Febby kembali mendengus kesal karena lagi lagi Naufal mendapatkan pembelaan dari Ibunya. Hal itu tentu saja membuat Naufal tersenyum mengejek pada Febby.


" Calon mantu, calon mantu. Memangnya ibu mau menikahkan siapa sama bang Naufal?. Kan anak ibu yang cewek cuma aku doang? ".Seru Febby sambil menaik turunkan alisnya.


" Ada anak ibu satunya. Orangnya lebih nurut dan juga lebih sopan dibandingkan kamu. Cewek tapi kelakuannya lebih mirip preman. Mana mau nak Naufal sama cewek urakan kayak kamu".Cibir Ibunya dengan kata kata pedasnya.

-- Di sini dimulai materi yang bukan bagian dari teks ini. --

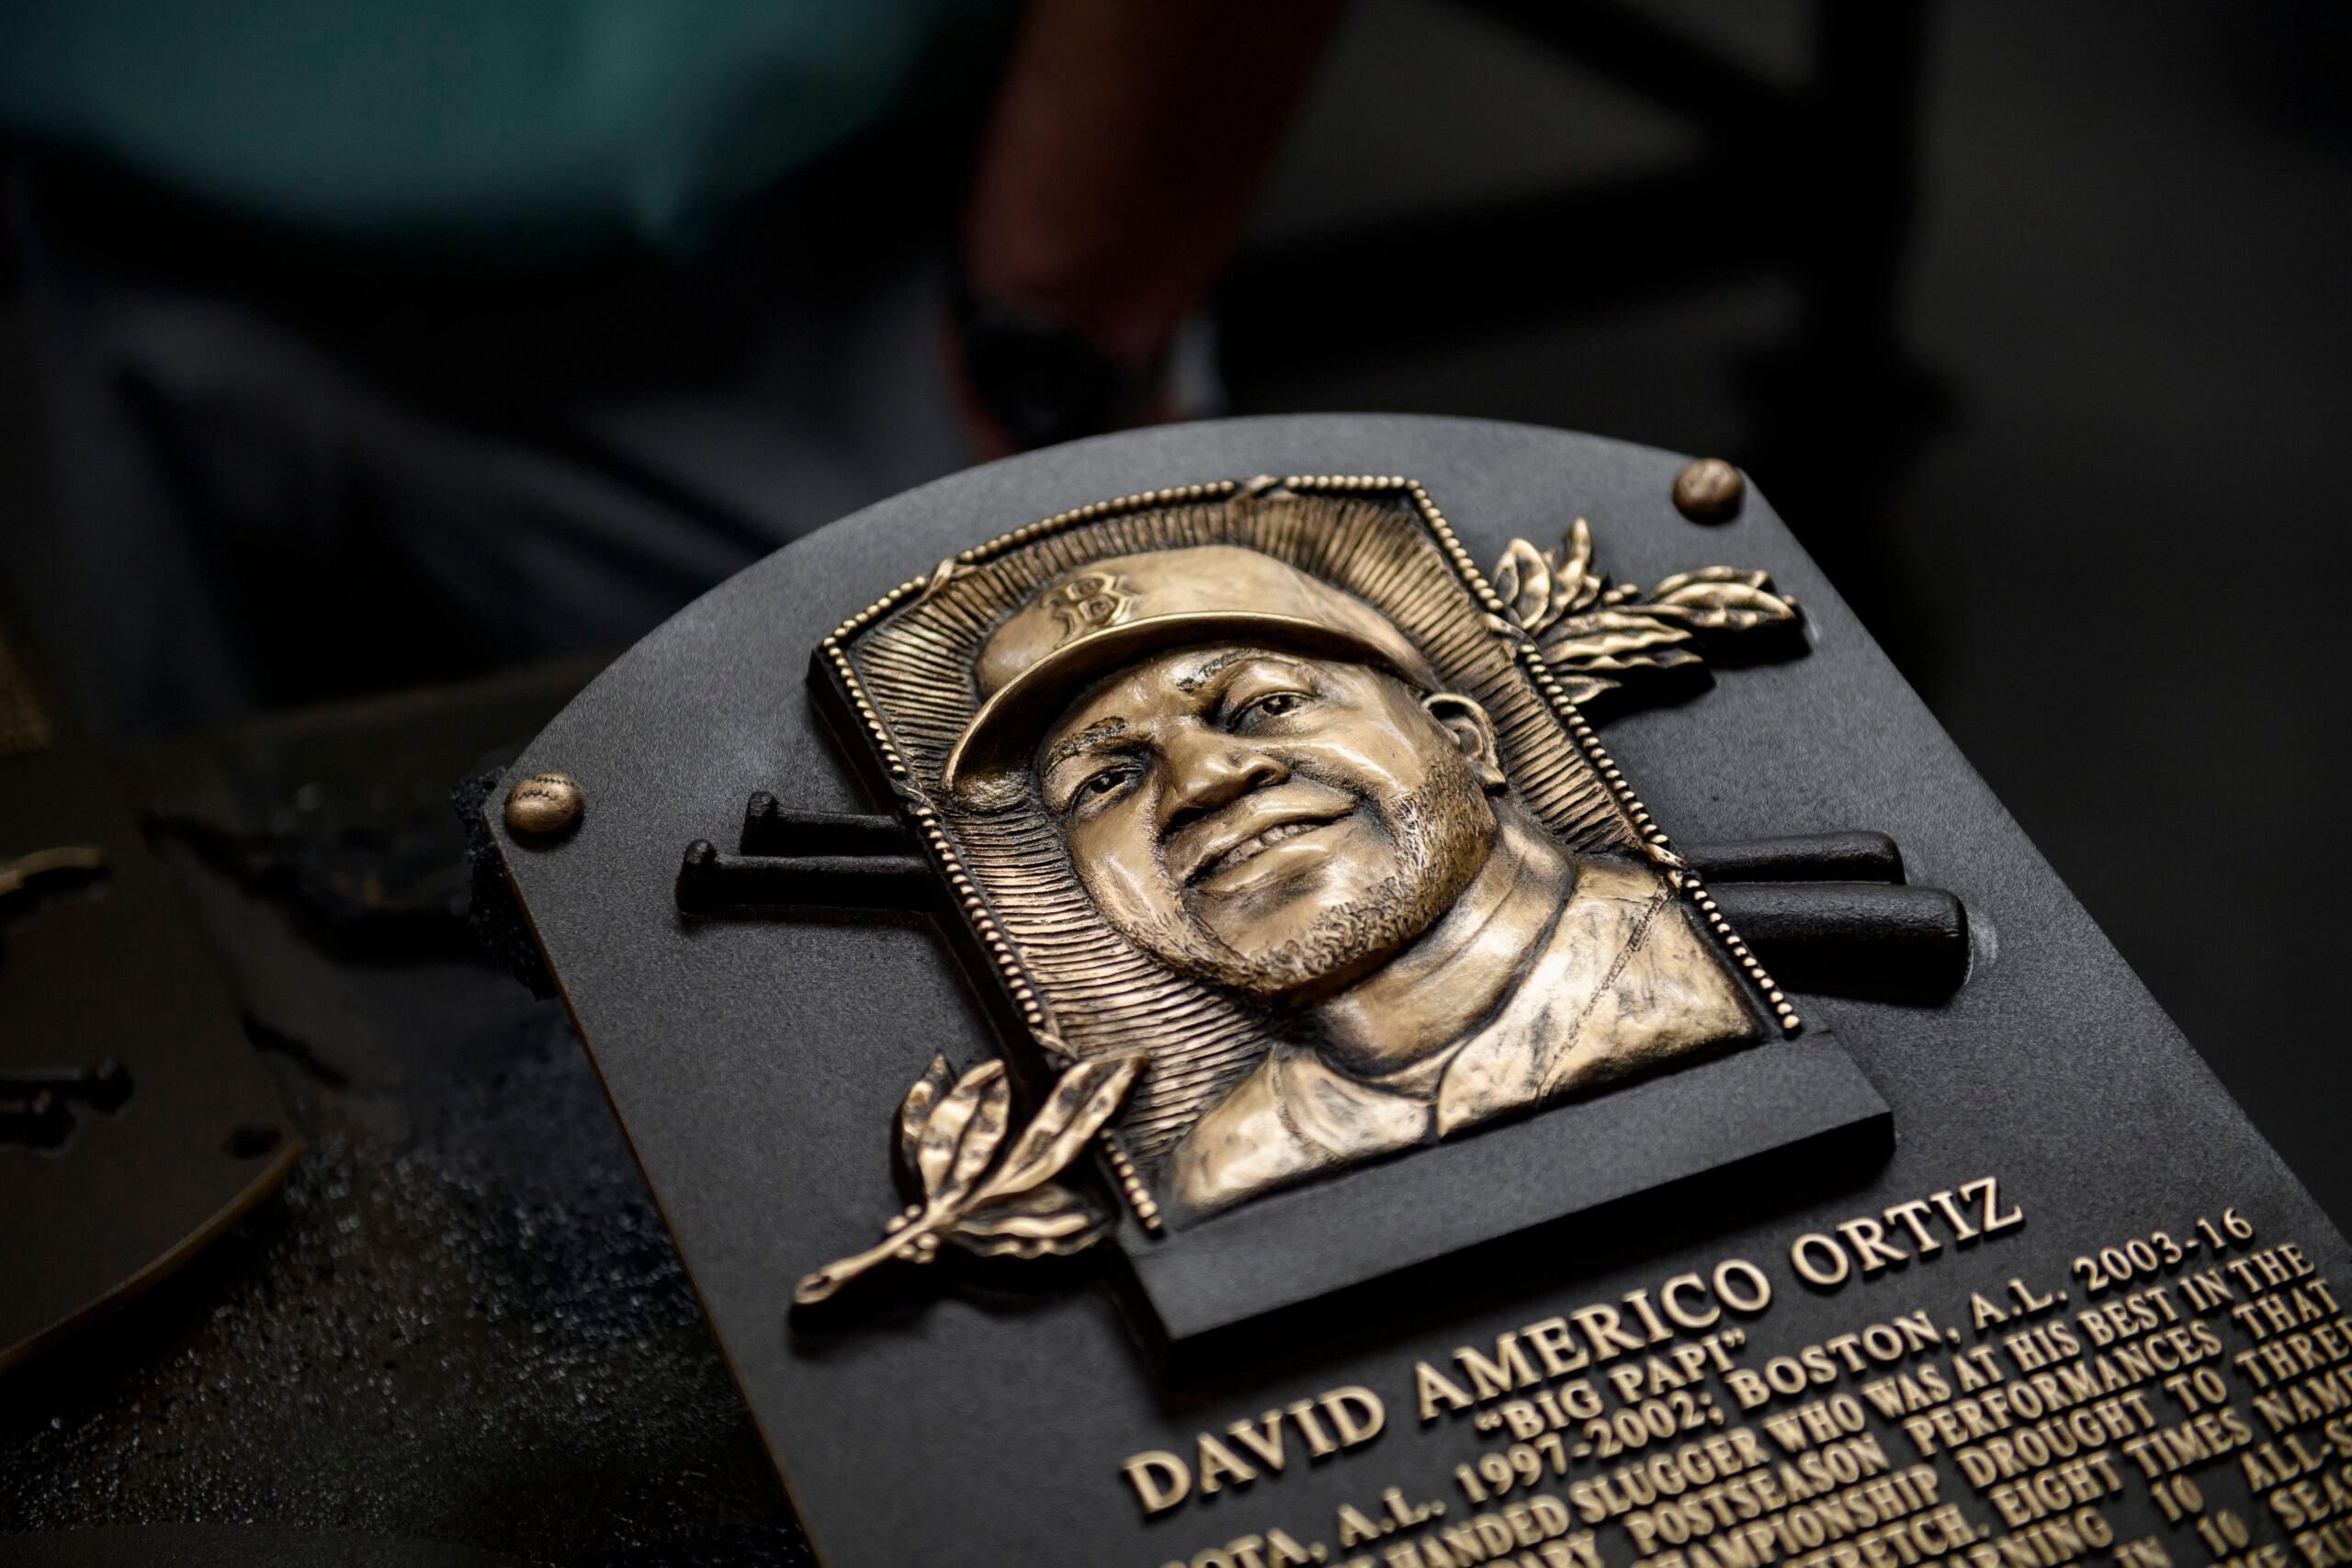 First look at David Ortiz's Hall of Fame plaque

"Oh jadi selama ini ibu selingkuh di belakang Ayah ya?. Sampe punya anak cewek juga gitu".Balas Febby membuat Naufal tepuk jidad sendiri akan kegersekan Febby ini.

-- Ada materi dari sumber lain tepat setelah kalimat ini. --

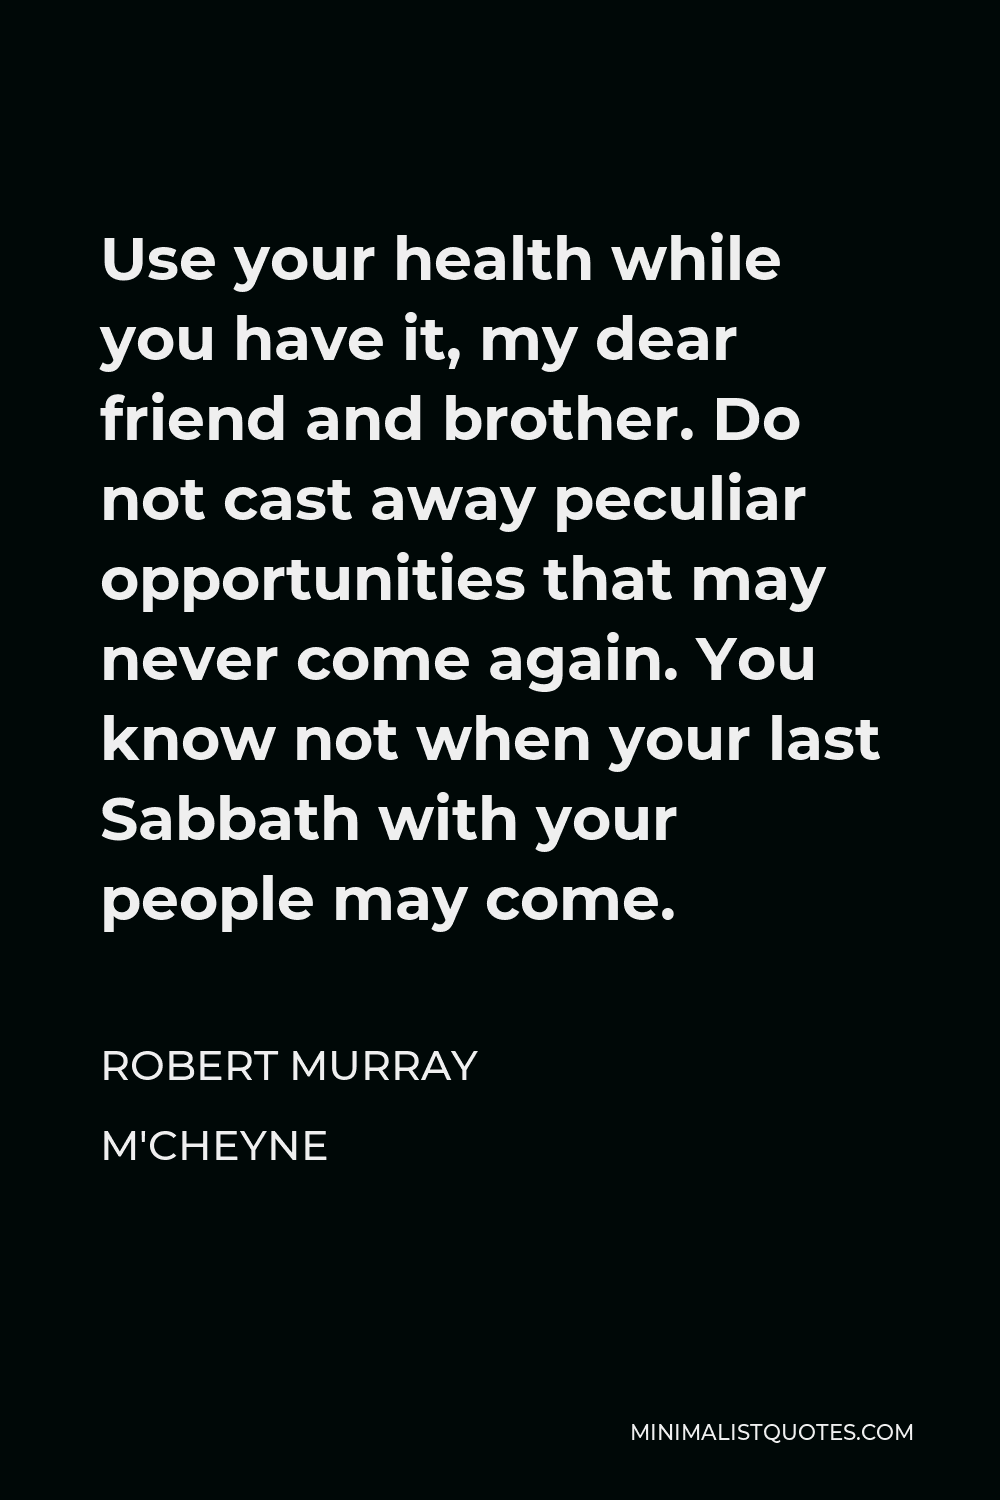 Robert Murray M'Cheyne Quote - Use your health while you have it, my dear friend and brother. Do not cast away peculiar opportunities that may never come again. You know not when your last Sabbath with your people may come.

Sementara Ibunya sudah merah padam menahan amarahnya akan kelakuan putrinya itu. Anak dan Ibu memang benar benar seperti kucing dan anjing saja. Tidak ada yang mau mengalah sedikit pun. Dua duanya hampir tiap hari bertengkar hanya karena masalah sepele saja. Tapi ketahuilah dia duanya juga saling menyayangi. Kasih sayang seoarang ibu ke anaknya tak kan ternilai harganya. Meskipun mulut dan bibirnya sering bicara kasar dan judes tapi hatinya sangat lembut.


Mereka hanya tidak mau jika putri nya salah pergaulan. Karena seorang anak perempuan harus benar benar dijaga dan didik dengan ektra hati hati dan penuh kesabaran. Karena kita sebagai wanita harus bisa juga menjaga harga diri dan menjaga mahkota kita sampai benar benar menemukan pria yang halal untuk menyentuhnya.


Itulah hal yang selalu di tanamkan oleh Ibu dan Ayahnya Febby. Mereka selalu berpesan agar putri nya bisa menjaga diri dan kehormatan nya sendiri. Jangan sampai dirusak oleh pria tak bertanggung jawab yang mengatas namakan semuanya dengan Cinta.